The Kenyan Psoriasis Registry: Early Insights into Clinical Profiles and Treatment Patterns

The Kenyan Psoriasis Registry delivers the first systematic, longitudinal dataset on psoriasis in Kenya, offering immediate real‑world evidence to inform screening priorities, treatment access, and resource allocation. Based at Moi Teaching and Referral Hospital in Eldoret, the registry enrolls dermatologist‑confirmed cases with matched healthy controls and has begun reporting early cohort findings that already shape clinical understanding and policy discussions.

Methodologically, the registry uses prospective enrollment of clinician‑confirmed psoriasis with matched controls and captures core elements—demographics, clinical phenotype, comorbidities, validated patient‑reported outcomes, and biospecimens for future genotyping. Data entry follows standardized case report forms, clinician verification at enrollment, structured REDCap workflows, dedicated training for data collectors, and planned periodic audits and validation checks to limit misclassification. These procedures support robust, real‑world epidemiology in the Kenyan context.

Early cohort data (214 participants: 108 with psoriasis, 106 controls) show a mean age of disease onset near 30 years and an investigator global assessment skewed toward mild‑to‑moderate activity; psoriatic arthritis and other medical comorbidities appear underdiagnosed. Patients with psoriasis reported greater sleep disturbance and worse mental health than controls, findings that signal clinically meaningful impacts on quality of life and treatment adherence and that justify routine screening and integrated care pathways in clinics serving this population.

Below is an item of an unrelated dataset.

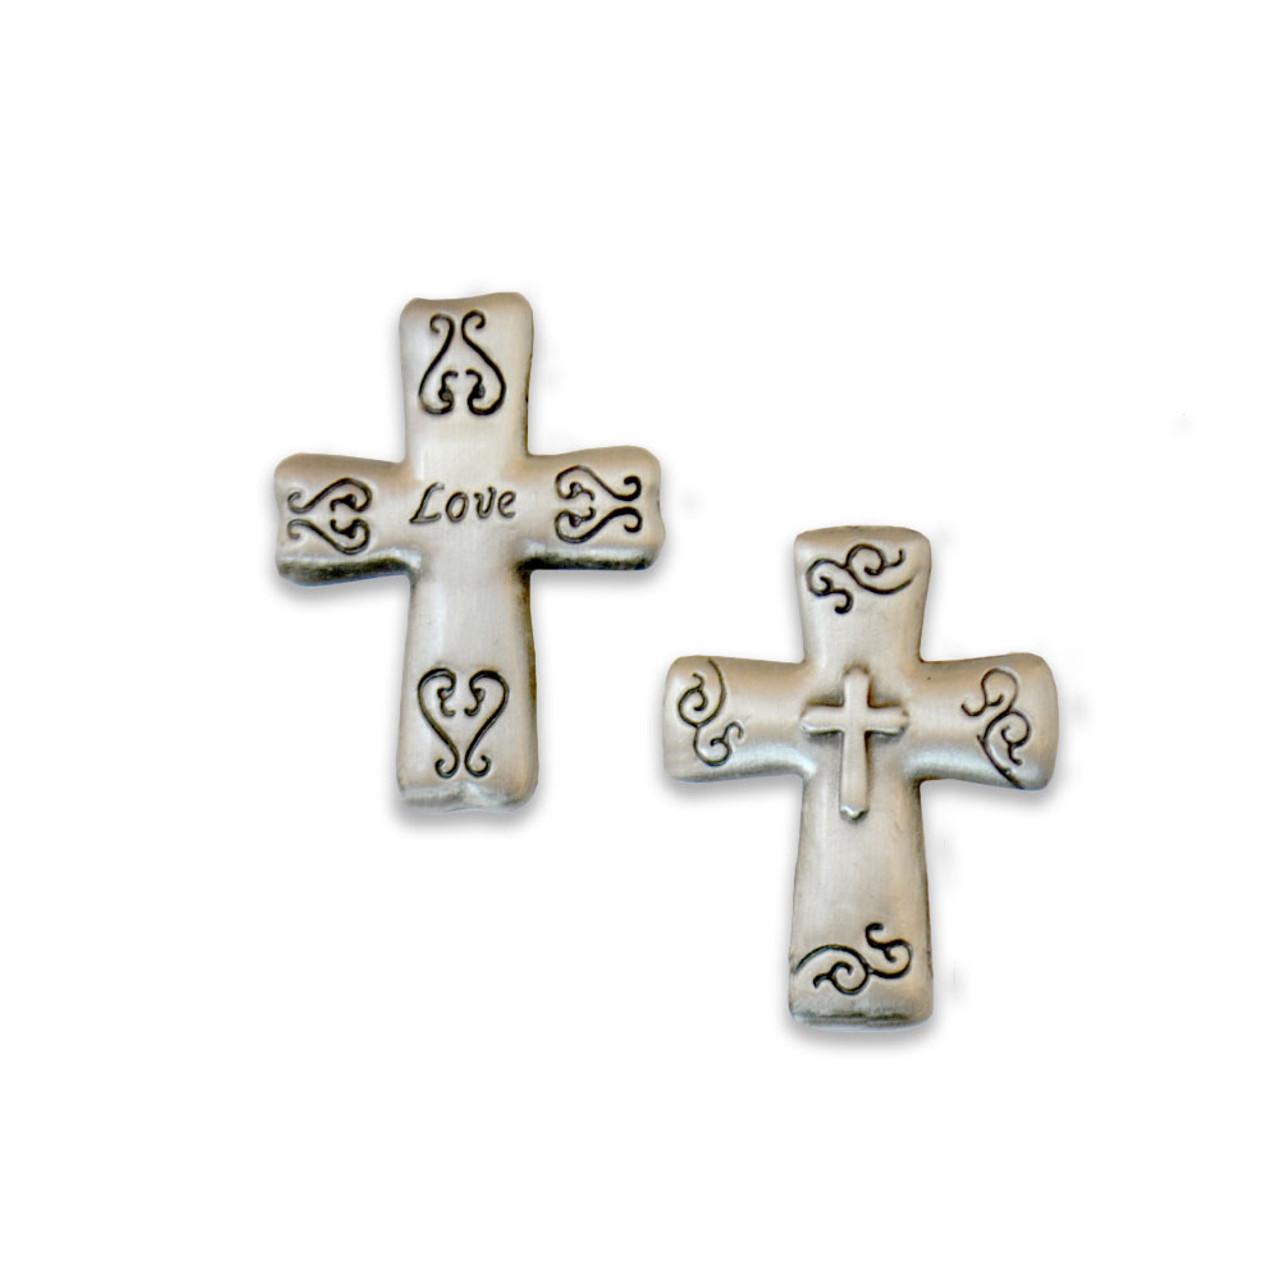 Blessings Pocket Crosses - 6 Styles

Treatment patterns reveal predominant use of moisturizers, prescription topical agents, and conventional systemic therapies with low penetration of biologic therapies—fewer than 10% of patients had ever accessed advanced biologic agents. Cost, constrained referral pathways, limited public procurement availability, and health‑system financing barriers likely explain the low uptake. This represents a modifiable equity gap with direct implications for management of severe disease.

The registry is structured for longitudinal follow‑up, nested analytic studies, and monitoring of treatment safety and effectiveness in a low‑ and middle‑income setting; planned linkages to laboratory and national health databases would strengthen causal inference and surveillance. Its workflow and training model create an expandable platform for multicenter enrollment and targeted nested trials, supporting sustainable generation of locally relevant, actionable evidence.